Slowing your program down by using a sleep or wait function will allow you to test whether network lag is at fault. Network delay will primarily affect (a) how quickly you can use the Phidget after opening and attaching it, and (b) the speed of reading continuous data from the device. Putting wait delays in your code especially in data-reading loops will prevent the network from being totally overloaded, and let you see whether you can get 'any' data through.

Another problem might be an error in the details that need to match on each computer. You either need an IP address and port, or the server name (when using muticast DNS from Bonjour on Windows and OS X or avahi on Linux). The server name is set at the Network Server start up, or it will default to the name of the computer with the direct connection. Double-checking all of these details may uncover the problem.

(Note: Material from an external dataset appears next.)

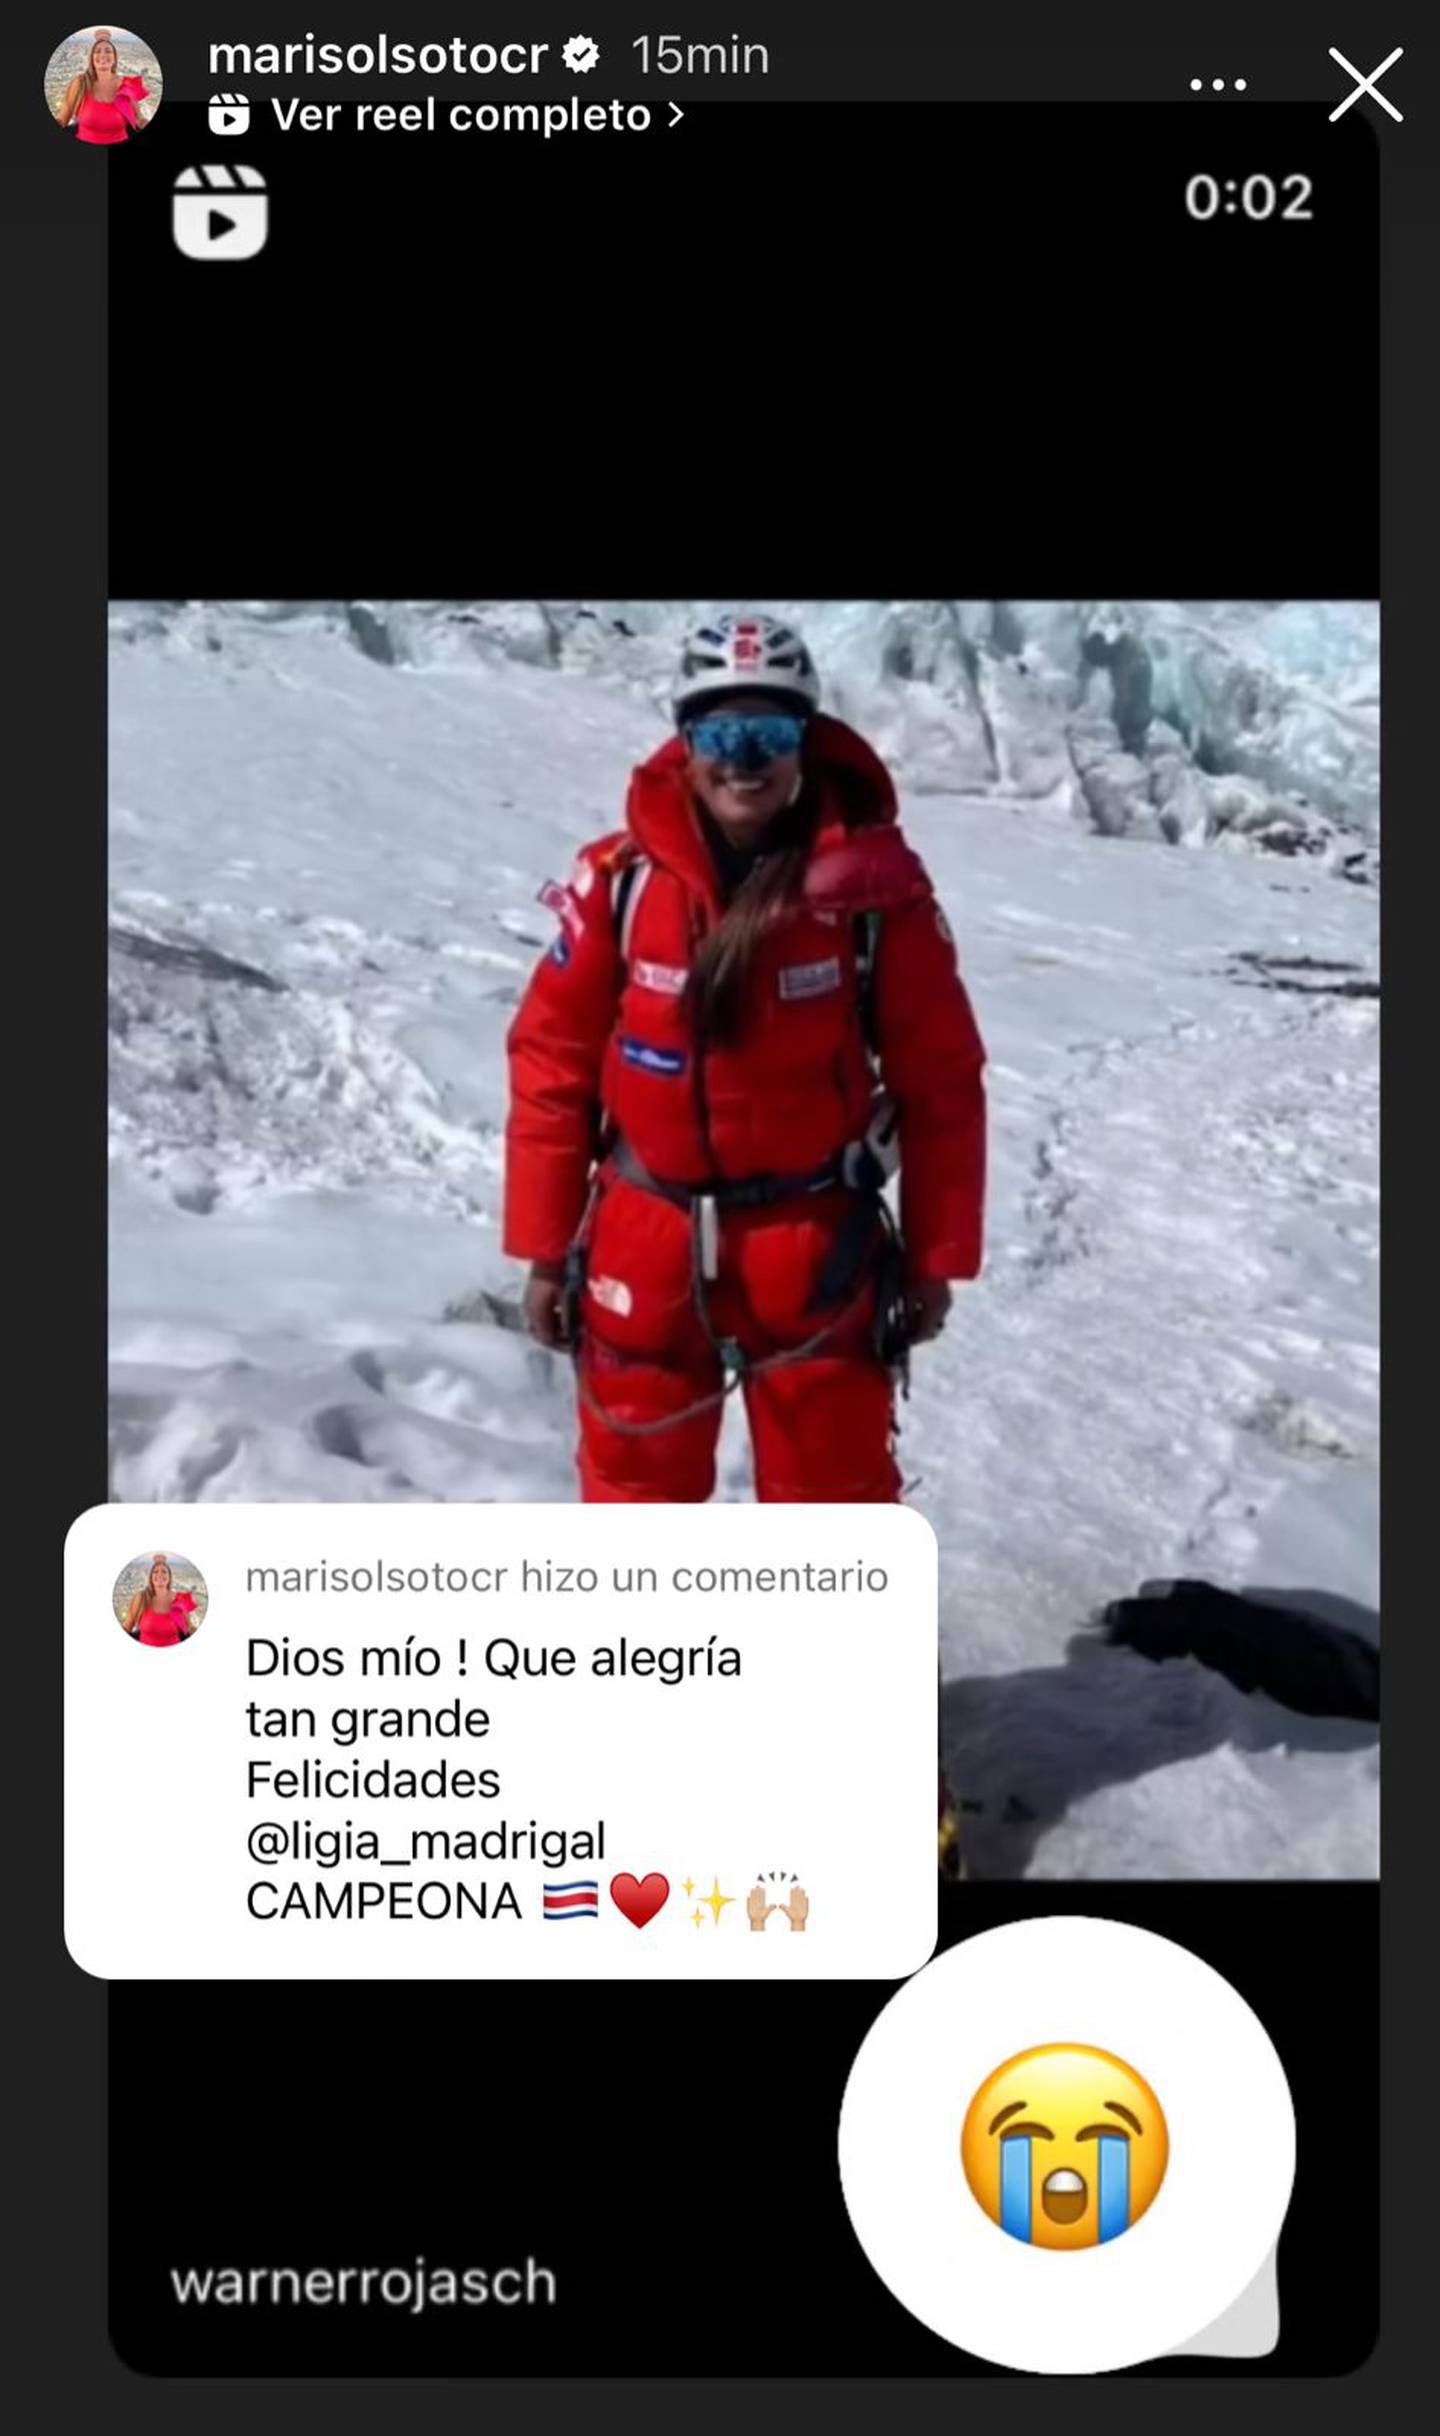 Con emojis de lágrimas y corazones, las figuras han reaccionado con alegría sobre la llegada de Ligia Madrigal al Everest. En la fotografía, una historia compartida por Marisol Soto.
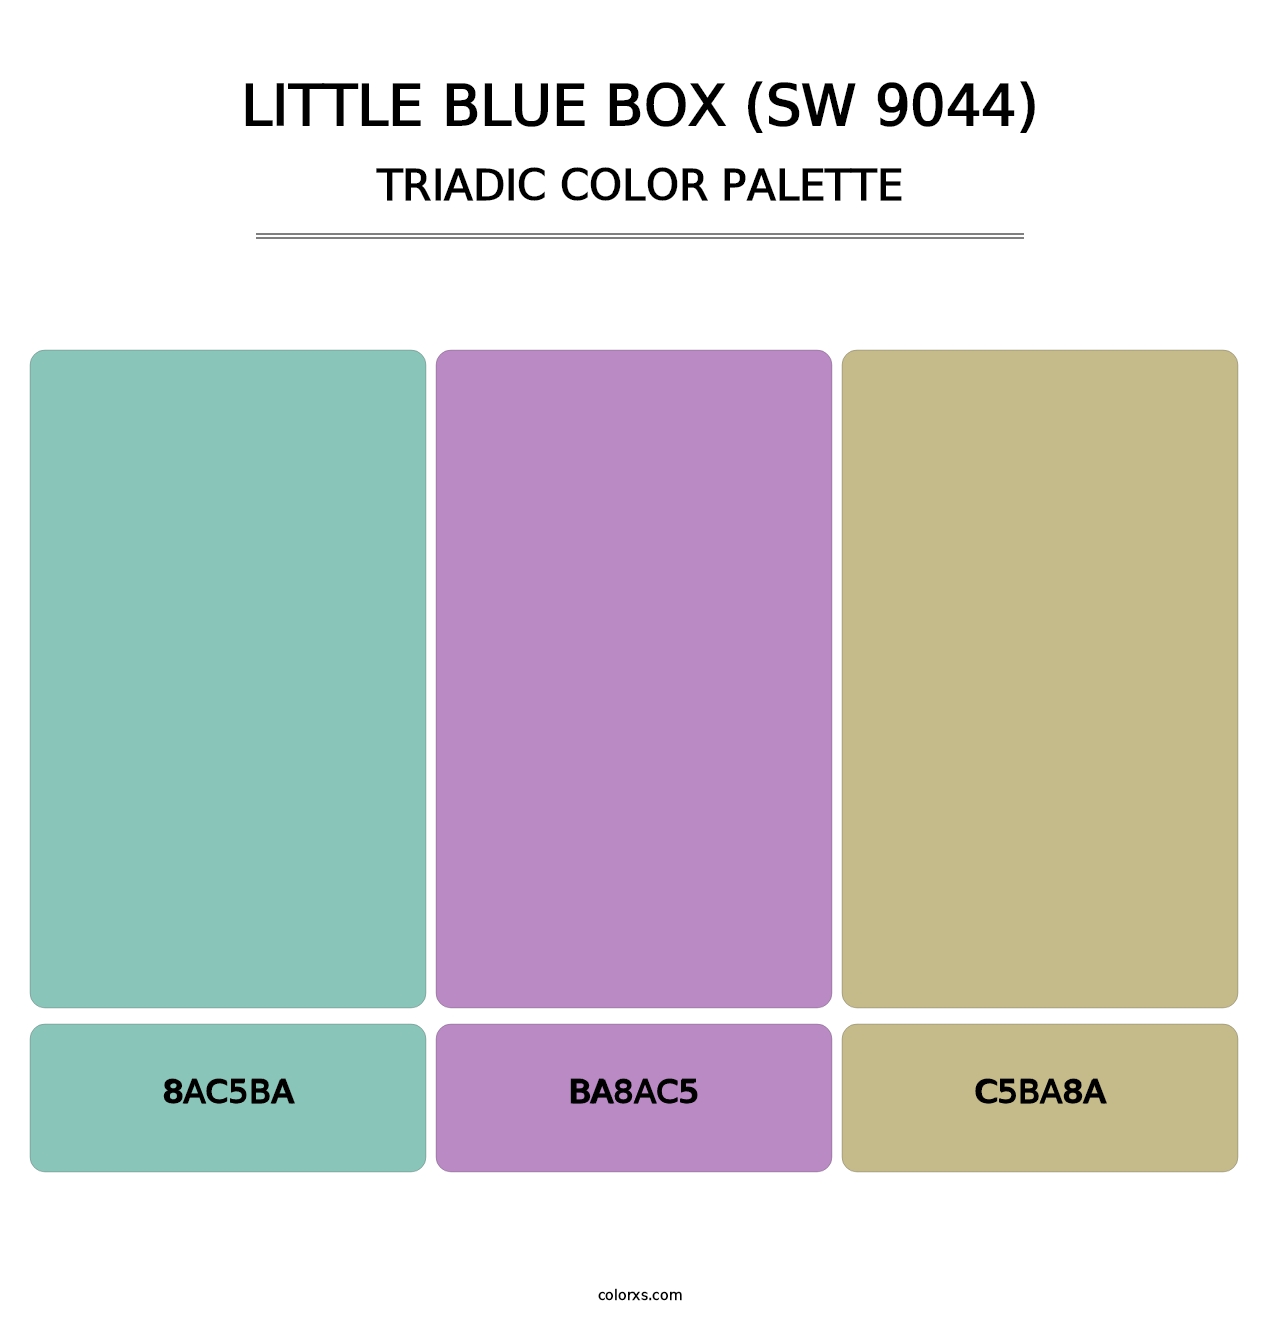 Little Blue Box (SW 9044) - Triadic Color Palette

Finally, if you suspect multicast DNS may be the problem, use the IP address and port form of the open() function to directly connect to the computer controlling the Phidget. On Linux, the use of mDNS can be compiled out of the Network Server, and the Network Server can be tested without it.

Version Mismatch

If you are experiencing a "Version Mismatch" error this is due to either end of the connection having an out of date version of the Network Server. To fix this make sure that both ends are fully updated and try again. Note that on the SBC this means you will need to go to the System->Packages tab and upgrade all of the systems packages. For more information on upgrading the SBC refer to the SBC's User Guide.

Common Problems and Solutions

Windows

Issue: Software projects are not working after a Phidget22 reinstall

Solution: You need to reset your references and library paths. When you reinstall the Phidgets drivers all of the old paths can get broken. Make sure that you are including the correect header files and that you have referenced the correct libraries and that should fix the problem.

Issue: Some third party software prevents communications with Phidgets

Some drivers or software will sometimes mistakenly claim Phidget devices when waiting on some hardware to be connected. This is caused by the drivers taking every HID (human interface device) on the USB bus, effectively stealing them from the Phidgets drivers. When this happens, the device shows up in the Phidget Control Panel at start up but examples and programs are unable to make a connection to the Phidget. This has been known to occur with Logitech QuickCam, Force Feedback Mouse, Nike, Velleman K8055, and some SteelSeries drivers.

Solution: If you suspect this is a problem then try putting your machine in safe mode. If this fixes the problem you can be sure that this is the problem. Try shutting/uninstalling the offending driver/software down or kill its process in the task manager when using Phidgets.

Issue: A corrupt installation fails on uninstall or repair

Solution: If the normal uninstall fails, for whatever reason, you can choose to remove the Phidget drivers manually. Please perform the following:

  1. Shut down any programs and processes using the Phidget libraries, including the Network Service and the Phidget Control Panel.
  2. Delete C:\Program Files\Phidgets\
  3. Remove the Phidgets key from the Registry [-HKEY_LOCAL_MACHINE\SYSTEM\CurrentControlSet\Services\ Phidget22NetworkService].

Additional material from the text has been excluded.